Delayed by a few days because of a technical issue, the Vega 1 rocket was finally, and successfully, launched on flight VV23 at 0136 GMT on 9 October from Centre Spatial Guyanais in Kourou, French Guiana.
Aboard was the 450 kg Airbus DS-built THEOS-2, an Earth Observation System 2 with a 0.50 m resolution for Thailand’s GISTDA – GEO-Informatics & Space Technology Development Agency. The other main satellite payload was the 280 kg NSPO-built Triton spacecraft (aka Formosat-7R) spacecraft for the Taiwan Space Agency (TASA), which is an in-orbit spare for the Formosat 3/Cosmic constellation.

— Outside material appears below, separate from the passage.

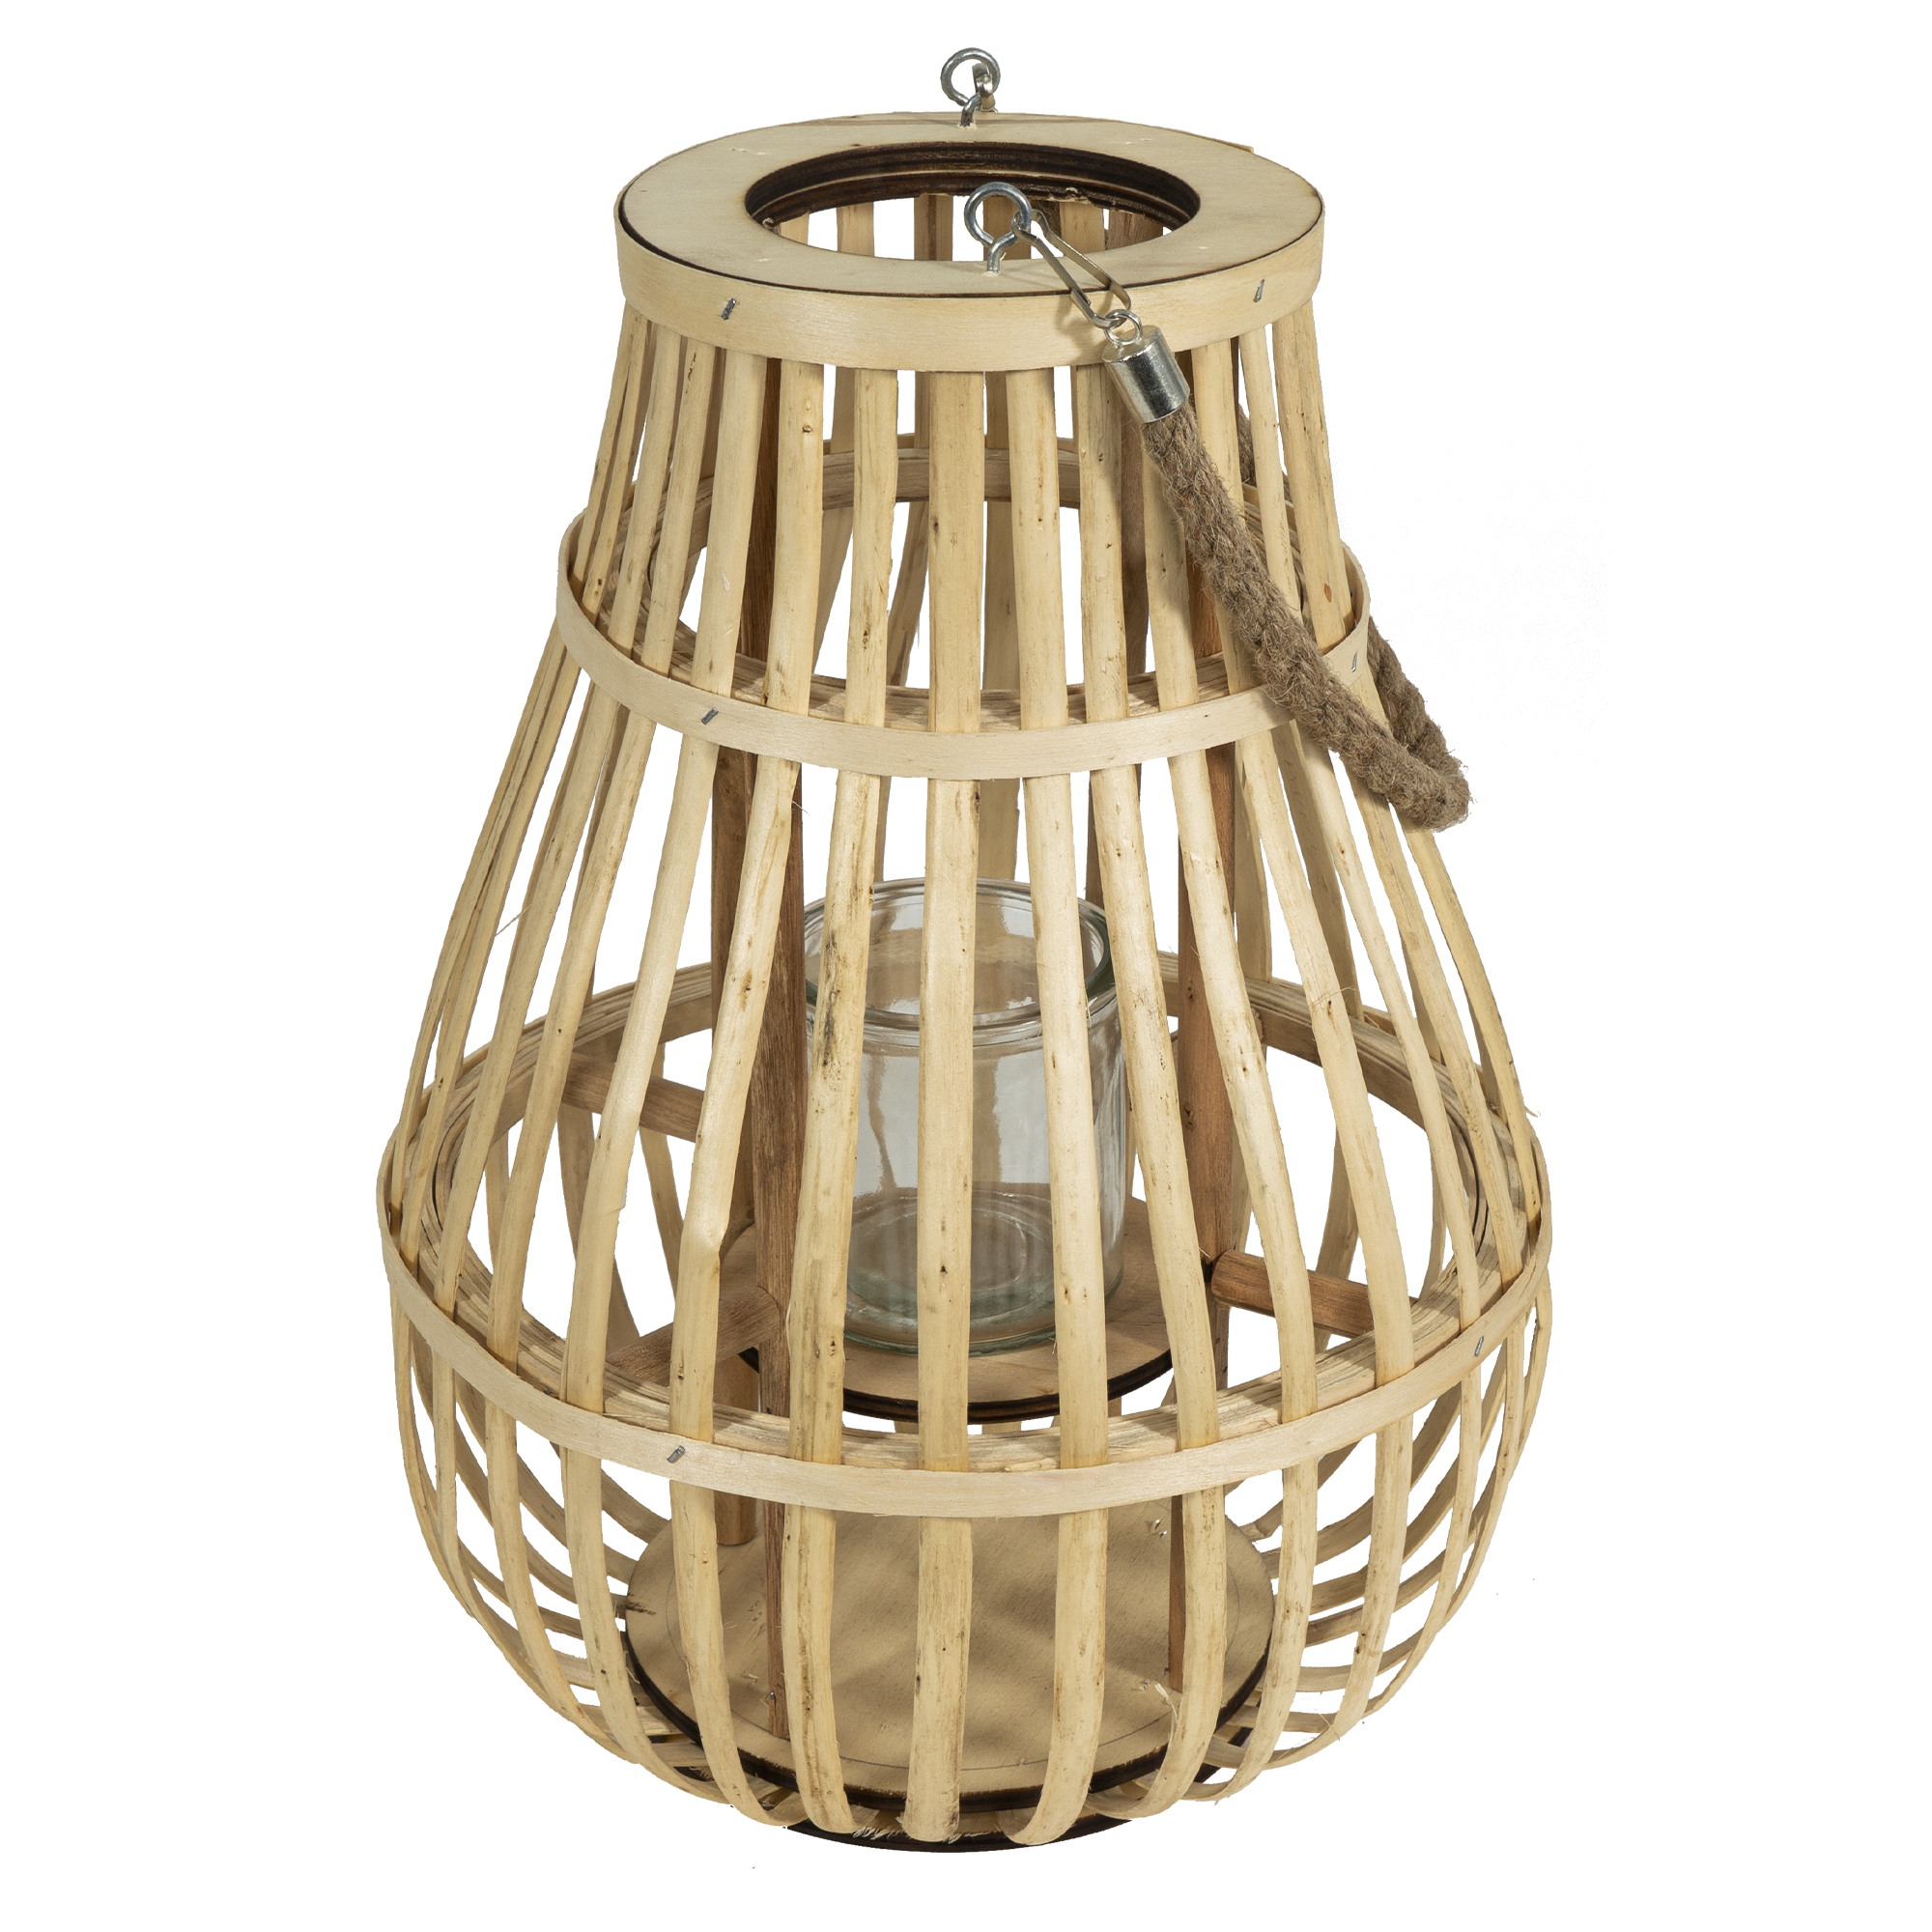 Rattan Lantern With Glass Candle Holder 14"
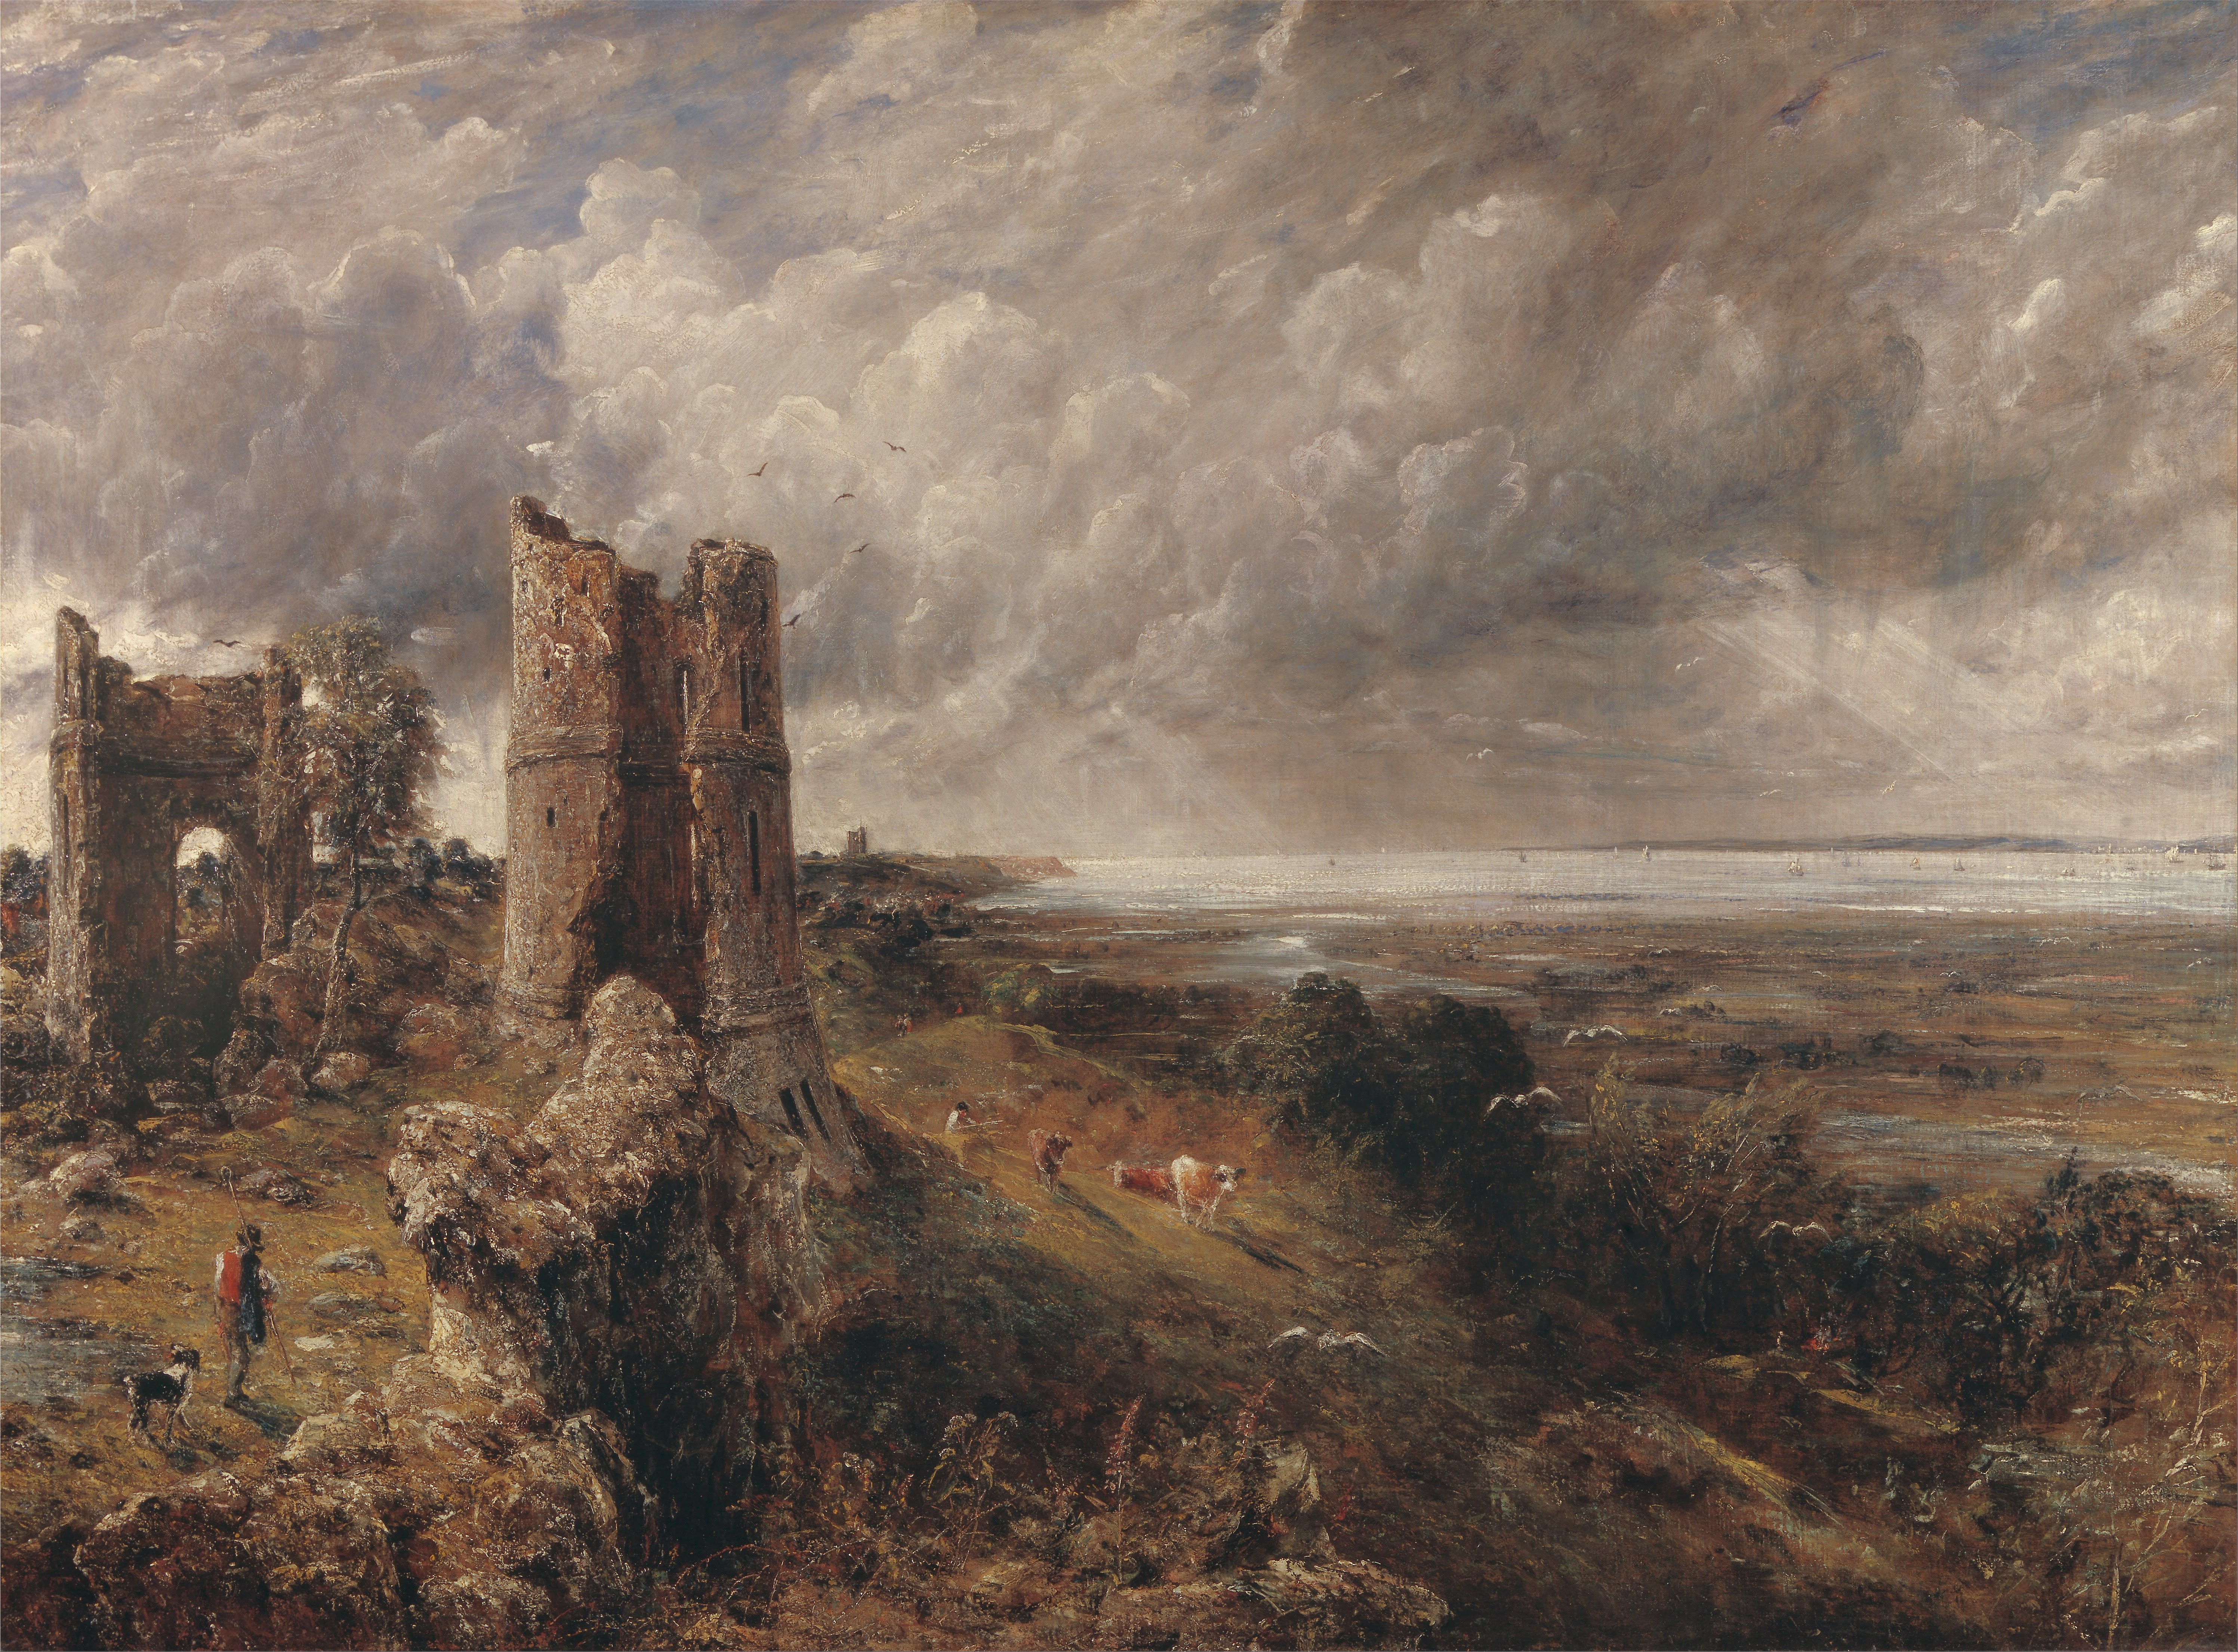 https://upload.wikimedia.org/wikipedia/commons/f/f8/John_Constable_-_Hadleigh_Castle%2C_The_Mouth_of_the_Thames--Morning_after_a_Stormy_Night_-_Google_Art_Project.jpg

In addition to the two main satellite payloads, the Vega flight also carried ten cubesat-class satellites:
- CSC-1 and -2, a pair of 6U-cubesat technology test spacecraft for ISISpace – Innovative Solutions in Space
- ANSER L, ANSER F1 and ANSER F2, water contamination monitoring 3U Cubesats for Spain’s INTA (Instituto Nacional De Tecnica Aerospacial), using ‘airflow’ deflection flaps for orbit manoeuvre
- PRETTY (Passive REflecTomeTry and dosimetry), a 3U Cubesat launched for ESA and built by TU Graz
- MACSAT for OQ Tech of Luxembourg, a narrowband Internet-of-Things communications 6U-Cubesat
- PROBA V-CC (aka PVCC), a remote sensing/vegetation monitoring 6U-Cubesat for ESA
- N3SS for the French space agency CNES, a 3U-Cubesat examining civilian signals intelligence/spectrum use
- ESTCube-2 for Tartu University (Estonia), a 3U-Cubesat to test an electric solar braking sail
The positioning and deployment sequence involved five AVUM upper stage burns. After the second burn, the main payloads, THEOS-2 (Thailand GISTDA) and Formosat-7R (Taiwan TASA), were released in their planned 600 km near polar Sun-synchronous orbit. The first release of the cubesats were of PVCC, CSC-1 and ANSER-F2, followed by three further releases of the other spacecraft.
Update on 16 October: Two spacecraft, ANSER-L and ESTCube-2, failed to separate.